Orange Co. reveals more details about potential plant

February 18, 2020

Beaumont Enterprise - By Kaitlin Bain

The Orange County Commissioners Court had a mantra at Tuesday meeting: The county is open for business, a message the commissioners hoped to send clearly when they unanimously approved a 10-year, 100% tax abatement for a proposed investment from Chevron Phillips Chemical.

After the governing body took the vote — adding to the anticipation that’s been growing for more than a year by giving their approval individually instead of simply voting yes in unison — several members of the standing-room only crowd stood and applauded.

Only two of the many people gathered spoke against the project before the vote was taken, while a third urged the county and company to look to the future when making deals regarding investment in local companies and people.

This doesn’t signal a final investment decision, however. That announcement is expected in the fourth quarter of this year, said Chevron Phillips Real Estate and Property Tax Manager Chaney Moore.

“I wish I could say that if this vote approves the abatement I could come back and say it is Orange. I can’t do that, yet,” he said. “We have some hurdles we still have to clear.”

The full text of the abatement agreement will not be made available until both groups have officially signed it.

But comments by Orange County Economic Development Corp. Executive Director Jessica Hill about the project shed more light on the potential economic impact that could come from the project, which she said has been discussed for more than four years with serious negotiations taking place for more than a year.

Chevron has operated a plant at 5309 FM 1006 since 1955. It employs about 200 people and produces three chemicals that are sold to make plastics and other products.

The estimated $5.6 billion in new investment includes $60 million in land cost, $50 million in business personal property and $100 million in taxable inventories.

The proposed new facility would convert the natural gas liquid ethane into ethylene, the building block of most plastics.

Chevron forecasts that up to 10,000 temporary jobs would be created says that during the construction phase and that, upon completion, no fewer than 500 permanent jobs paying an average of $100,000-plus would be added.

The abatement approved Tuesday is the highest possible under Texas state law. The company has agreed to add improvements to equal between $200 million and $400 million in value before the term of the abatement begins, meaning it will pay property taxes on that amount during the term of the abatement.

“By capturing this value on the front end, the actual value abated will be closer to 90 to 93%,” Hill said to the commissioners.

The total economic outlook expected to be generated over the first two decades is more than $51 billion, with $170 million going to the county and $515 million going to West Orange-Cove CISD, among other entities that benefit.

The abatement agreement also contains language that Chevron Phillips agrees to give preference and priority to qualified local manufacturers, suppliers, vendors, subcontractors and laborers, in addition to other local opportunities. That preference would be qualified quarterly in reports made to the county about the total number of dollars spent on local labor, subcontractors, vendors and suppliers in connection with the project.

“Chevron Phillips is not our cash cow.
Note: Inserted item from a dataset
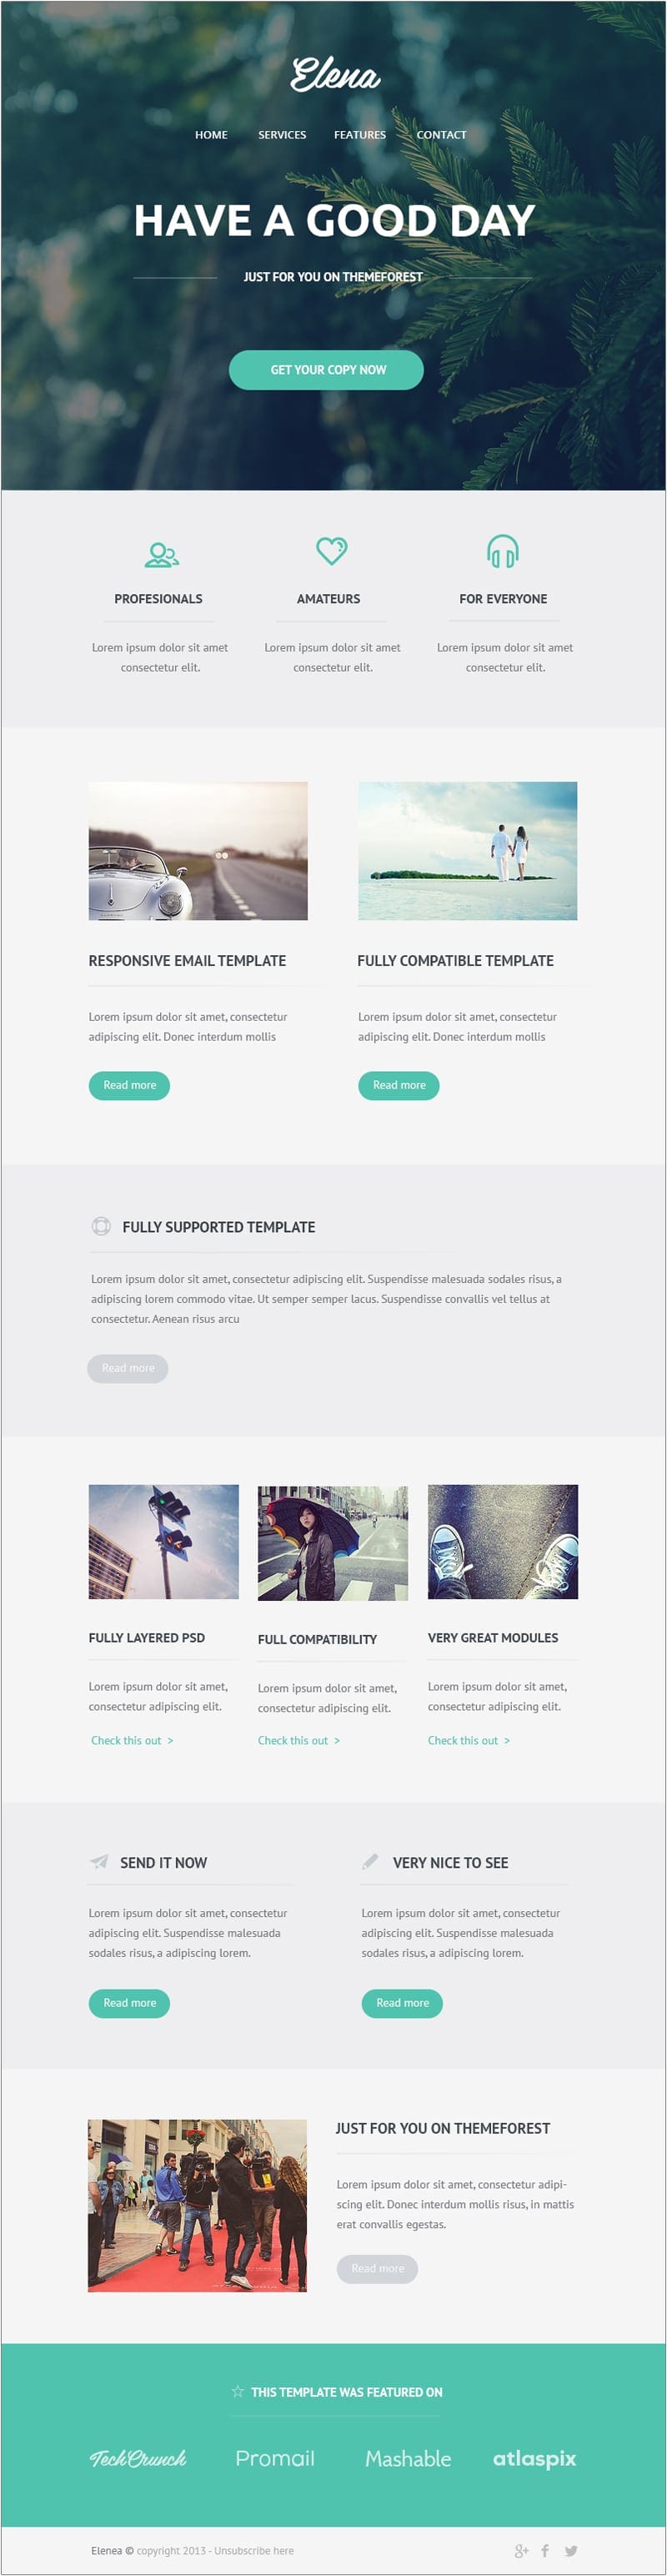 This free psd is for the Elena email design.This free web design ...

They are not responsible for fixing problems that have plagued our infrastructure for years,” Hill said. “They are not responsible for building new restaurants and they are not responsible for creating a robust quality of life. We are. But with them, we can.”

Conversation about the potential investment, and extending tax breaks for it, hasn’t always been so obviously positive.

It hasn’t been a year since then-County Judge Dean Crooks announced his resignation to another standing-room only crowd, although fewer of those people waiting to speak were planning to praise to judge’s actions like they did Tuesday.

Crooks had advocated taking a critical look at the return the county would get from offering the company tax breaks, which many residents perceived as an attitude against the plant or economic development.

David Jones, an Orange resident and business owner who also spoke at the meeting where Crooks resigned, was one of many people who on Tuesday urged the commissioners to approve the agreement and Chevron Phillips to make the county its permanent home.

He also urged both groups to make sure provisions are in place to continue agreements and programs that will invest in local people and businesses even after the term of the abatement is up.

“We want you, but not to do what history’s done in the past,” he said. “Engage us. Bring us in.”

Orange County Judge John Gothia told residents that he believes commissioners approved the best deal for the company and the community both. He added that, should Orange County be chosen, this project would have an impact so large and far-reaching that many of the people who attended Tuesday’s meeting won’t even be around to see it come to fruition.

“The availability for our kids and grandkids to have an opportunity to stay here and work because of this hopefully being located in our are is hard for me to imagine,” he said.

Hill said if Orange County is selected as the plant’s final destination, construction would begin in 2020 and be completed in about 70 months, with a phased startup.